The Safe System Paradigm: Reducing Fatalities and Injuries at the Nation’s Intersections
|Crashes at intersections contribute significantly to traffic fatalities and serious injuries in the United States. Applying the Safe System Approach to intersections can improve roadway safety at these critical junctions.|
The Safe System Approach represents a paradigm shift in how road safety is addressed in the United States and aligns with the growing number of Vision Zero goals, efforts, and action plans across the country. While Vision Zero describes the goal and Safe System describes the approach, both accept the premise that crashes will not be completely avoided. However, the Safe System Approach posits that no person should be killed or seriously injured if a crash occurs when using the road system, and that it is a shared responsibility of all parties involved to achieve this outcome. For road design, a Safe System Approach involves managing the circumstances of crashes such that the kinetic energy forces imposed on the human body should not result in death or serious injury. At an intersection, this is accomplished by influencing conflict points, speed, and crash angles, and considering exposure and complexity.
Crashes attributed to intersections contribute significantly to traffic fatality and injury numbers in the United States. In 2019, 10,180 people were killed in intersection and intersection-related crashes, which is roughly one-quarter of all roadway fatalities. Additionally, about half of all injury crashes occur at or near intersections. Intersection projects represent a straightforward opportunity to explore how to apply Safe System principles to the project development planning and design decisions in support of Vision Zero, as well as a performance-based approach to safety.
FHWA sponsored the effort to develop a Safe System for Intersections (SSI) framework and methodology, which represents a first step toward the development of objective and implementable analyses that reflect key Safe System concepts. The Safe System assessment of an intersection can serve as an additional metric to inform alternatives analysis and identify an optimal solution for an intersection. In fact, the SSI method can provide a valuable quantitative safety metric in addition to, or in the absence of, the types of crash-based approaches that are the foundation of the Highway Safety Manual.

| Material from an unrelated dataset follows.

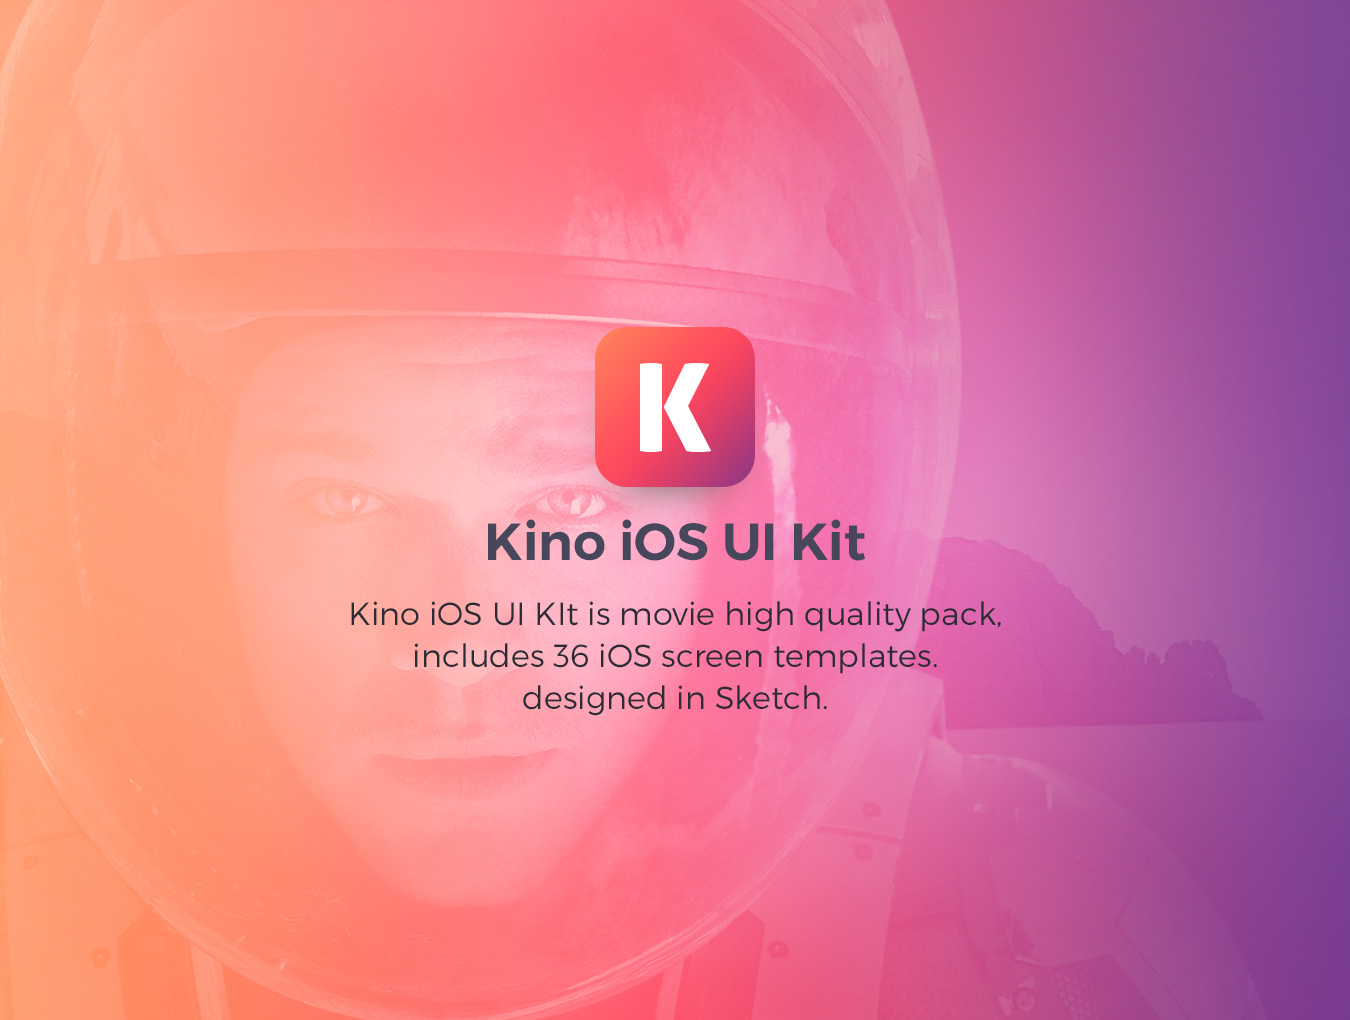 kino_ios_ui_kit-detail-images-01_1517820181497

Bonnie Polin, a State safety engineer from the Massachusetts Department of Transportation (MassDOT), says, “We had an opportunity to test out the SSI approach to evaluate design alternatives for two irregular, nontypical intersections where safety performance function models were not available. The SSI method, along with other approaches such as road safety audits and video analytics using drone technology, can help us gain a more complete safety performance picture to help us identify a preferred alternative that reduces risk and minimizes the potential for harm.”
Explanation of the SSI Method
The SSI method uses data that are typically available early in a project development lifecycle, including posted speed limit, average annual daily traffic volumes, and the number of through lanes on the intersecting roads. When available, several optional inputs—such as individual movement speeds, daily nonmotorized volumes, turning movement proportions or volumes, and left-turn traffic signal phasing—can be incorporated to enhance the analysis. The SSI method offers assumptions and default values, but agency-prescribed or project-specific values could also be used.
The overall framework and components of the SSI method are based on conflict point identification and classification, exposure, severity, and complexity. With these inputs, it is possible to quantify the degree to which a given intersection alternative is consistent with Safe System principles, and then contrast different alternatives.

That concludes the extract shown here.